Pogi was the first of these magazines to appear, and when a friend of mine showed me its maiden issue, my initial reaction was to call it the poor man's Playboy. It lacked Playboy's gloss and sophistication but shared the same crusading zeal about the beauty of sex and the necessity of having a healthy attitude toward it. The very title of Pogi was evidently inspired by Playboy's.
That first issue I found amusing; the whole thing was low camp; and its humor was very very low (example; "I like my cigarettes king-size. Of course, I like my men the same way"). The latest issues of Pogi I've seen are toned down, have fewer cheesecake photos, and now for real vulgar humor you'll have to go to its imitators. To anybody's maiden aunt, I guess, Dyagan is the devil incarnate.
Now what I mean when I speak of discrimination is this: Playboy and its many variants have been around for I don't know how long, and though the post office has made a few confiscations nobody has ever marched against those American publications, nobody waved a placard asking "Is Decency Dead?" It's no use arguing that Playboy has been an intellectual magazine for quite some time, publishing interviews with Sartre and Fellini and Gore Vidal, and thoughtful dissertations on the Vietnam war and the American political conventions. That is not the point. The point is that Playboy puts out big glossy color photographs of naked women--Mr. Hugh Hefner himself will be the first to admit that it isn't Sartre but the Playmate of the Month that sells his magazine--while Pogi can only afford badly printed black-and-white photos of women who are at least partially covered by bikinis. Toro can only afford pirated photos from American magazines; and yet nobody but nobody has staged a 1,000-man demo against the American publication and others of its kind.
Is that a sign of a colonial mentality? Maybe not. The chief objection to Pogi and its relatives seems to be that they are cheap, in both senses of the term, but specifically in the sense that they are inexpensive. This is where discrimination comes in. Anybody with more than five pesos is free to go into a thoroughly respectable bookshop and get a copy of Playboy, but the jeepney driver with 40 centavos to spare can't go down the sidewalk to pick up Pogi without a horde of comstockians jumping on his neck.
I'm not being entirely facetious. The poor in this country are oppressed enough, and yet we won't even allow them the pleasure of indulging their little vices. "The law, in its majestic equality," in the words of Anatole France," forbids the rich as well as the poor to sleep under bridges, to beg in the streets, and to steal bread." In this country, it forbids the rich as well as the poor to smoke in jeepneys and on buses. Of course, they can smoke in taxis and cars; if some poor bastard really wants to smoke his stick of Matamis that badly, he should get himself an air-conditioned Mercedes.

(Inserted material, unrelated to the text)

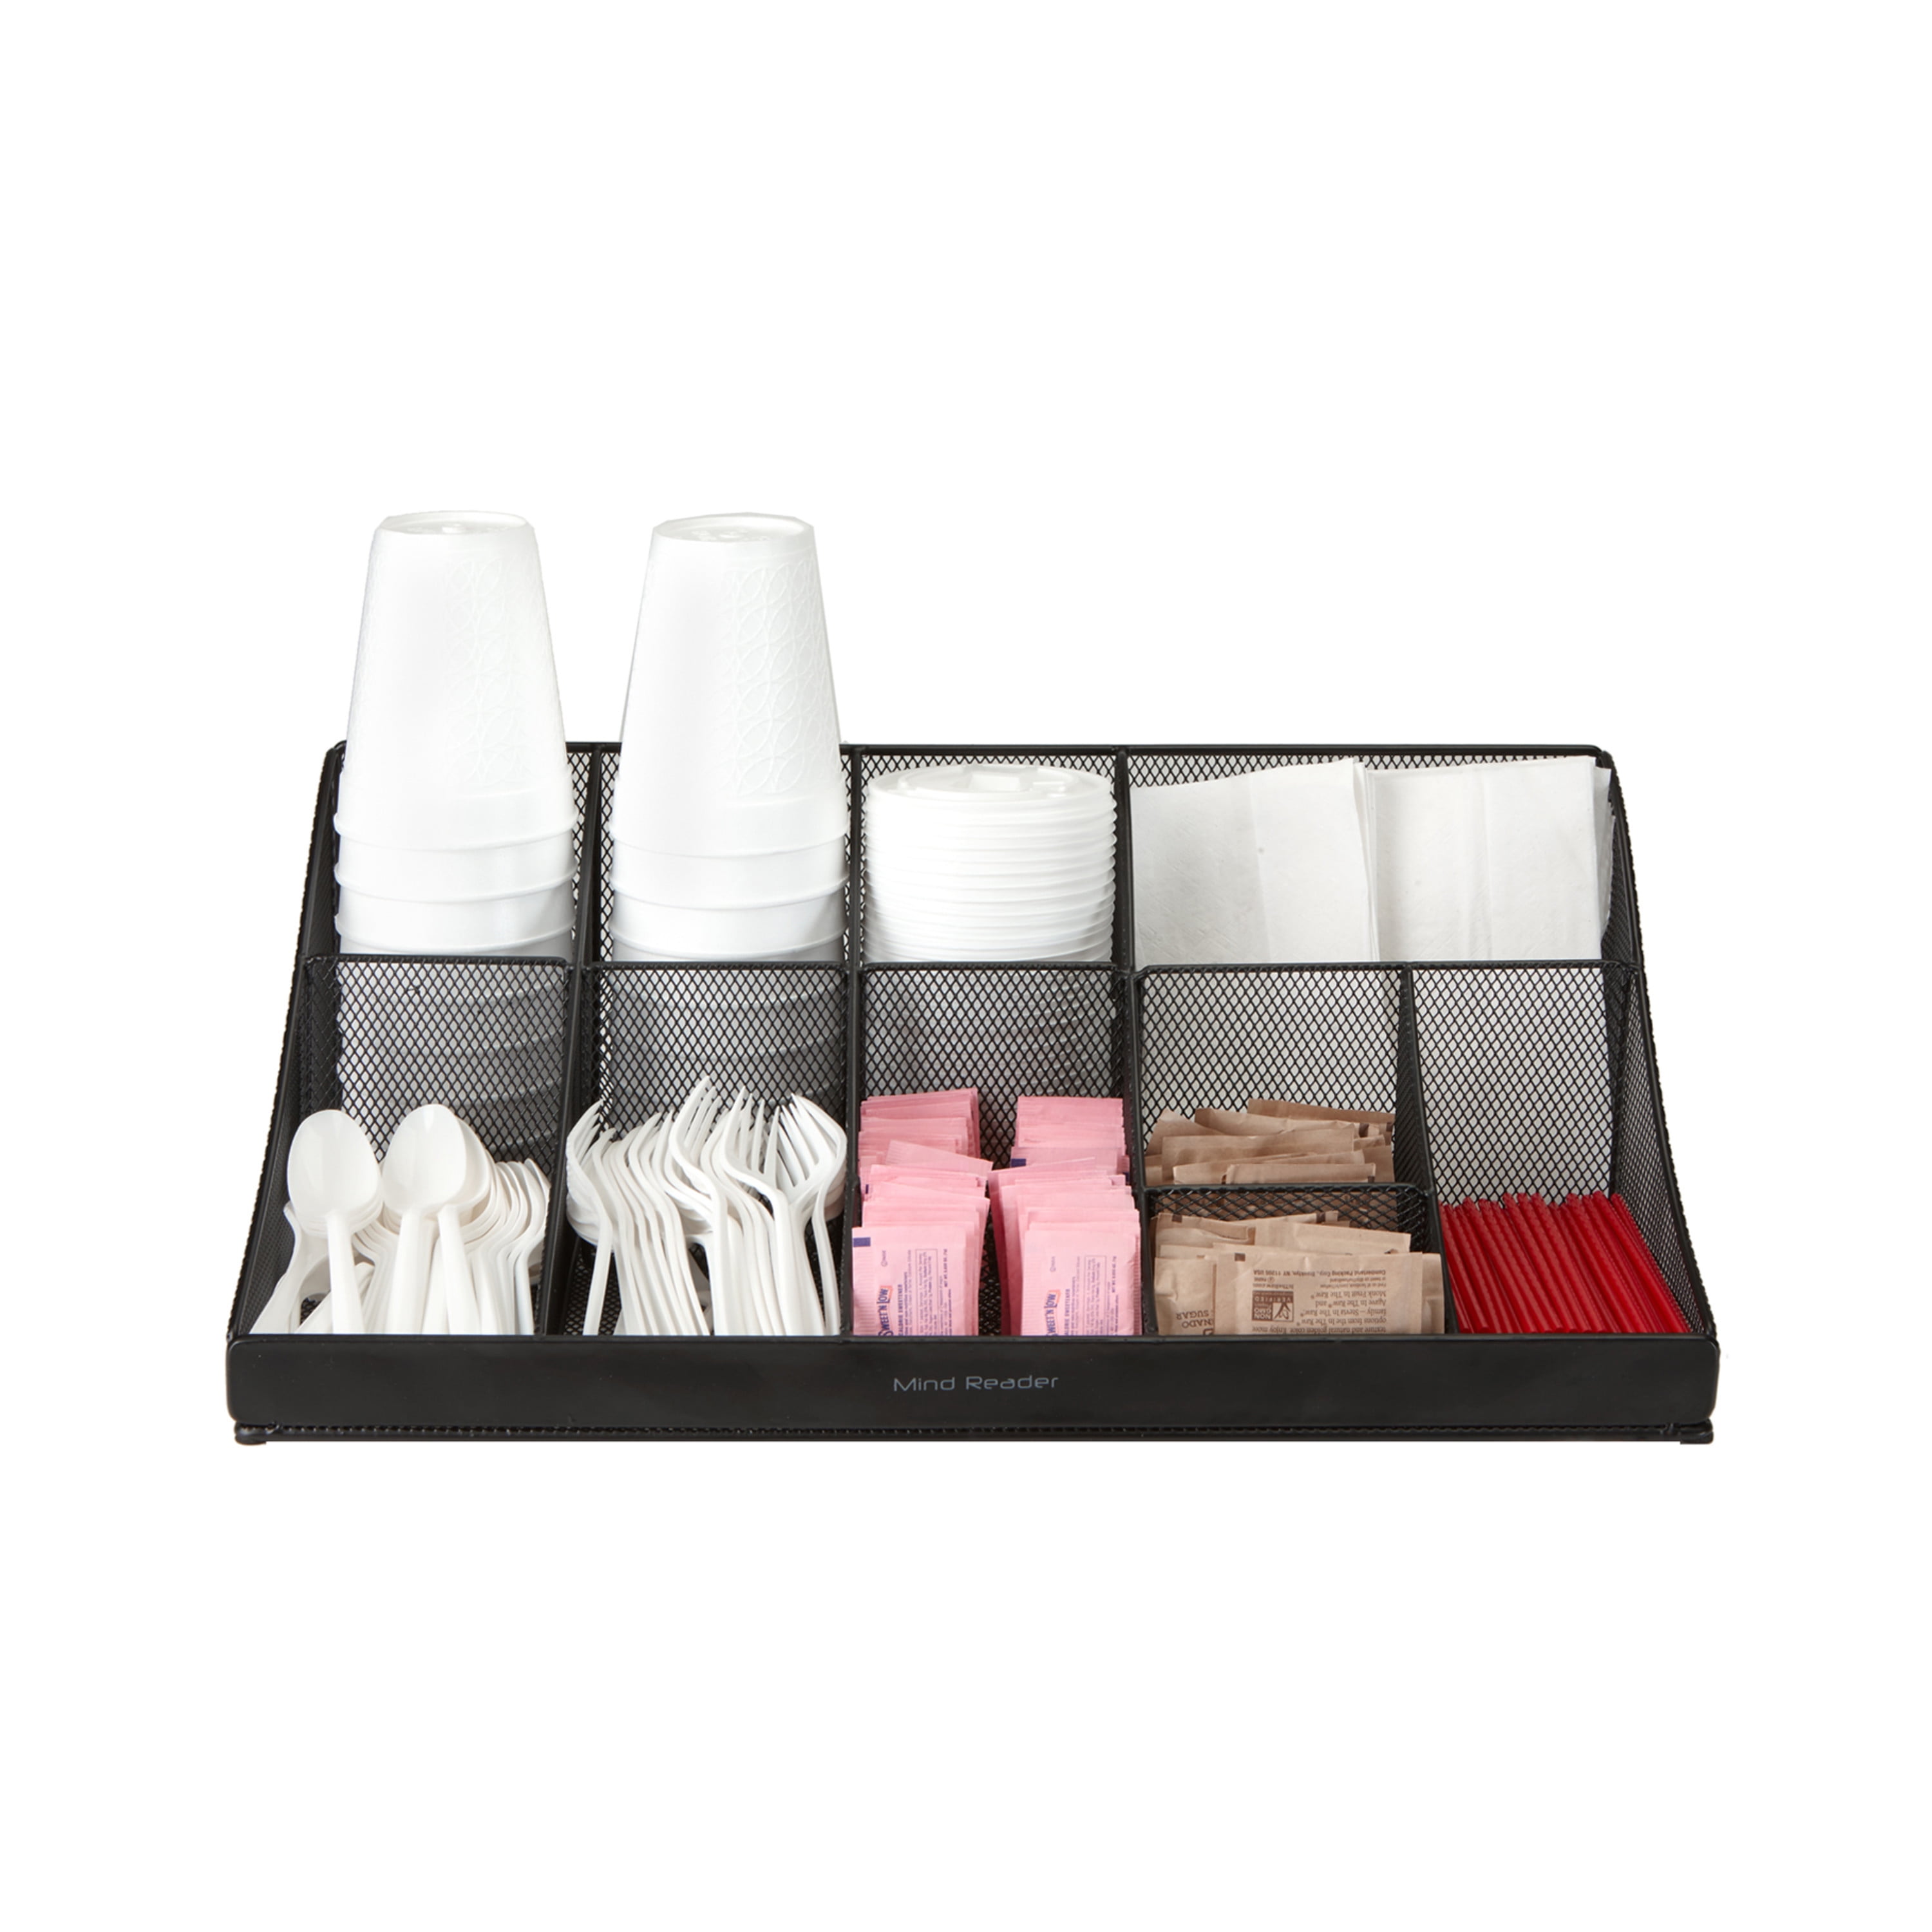 G.E.T. 5-Compartment Metal Table Top Caddy and Condiment Organizer, 9 inch x 7 inch, Black

The double standard for the vices of the rich and the poor obtain in many areas. With the possible exception of the blackshirts of Cadiz, cops are usually loathe to accost a Mafia type with a hip that displays the bulge of what may be an unlicensed automatic; but they'll promptly pick up for questioning a gangly teenager from whose trousers pockets the sharpened handle of a comb sticks out. The cigar-smoking congressman can play roulette behind the massive steel doors of a casino on the boulevard, but the washerwoman who has left her baby with the next-door neighbor to play sakla at the corner isn't so sure that her favorite hangout won't be raided by the mayor himself. And who doesn't remember that salesgirl who got sentenced to how many years in jail for snitching a few pesos? The crooks in the government can put away in Swiss banks millions of dollars in kickbacks and still go on to higher positions and larger kickbacks.
If the neo-puritans really want to strike at the root of the immorality in this country, the place to look for it is not in the pages of the poor man's Playboy, nor in those of the real Playboy. If they want to restore decency to our society, they should go to where the real indecencies in our midst are. True smut is not in the photographs of nudes, but in the reality of social injustice, in the oppression and exploitation of man by man, in the degrading poverty that afflicts more than 90 percent of our population, the poverty that leads to crime and revolution.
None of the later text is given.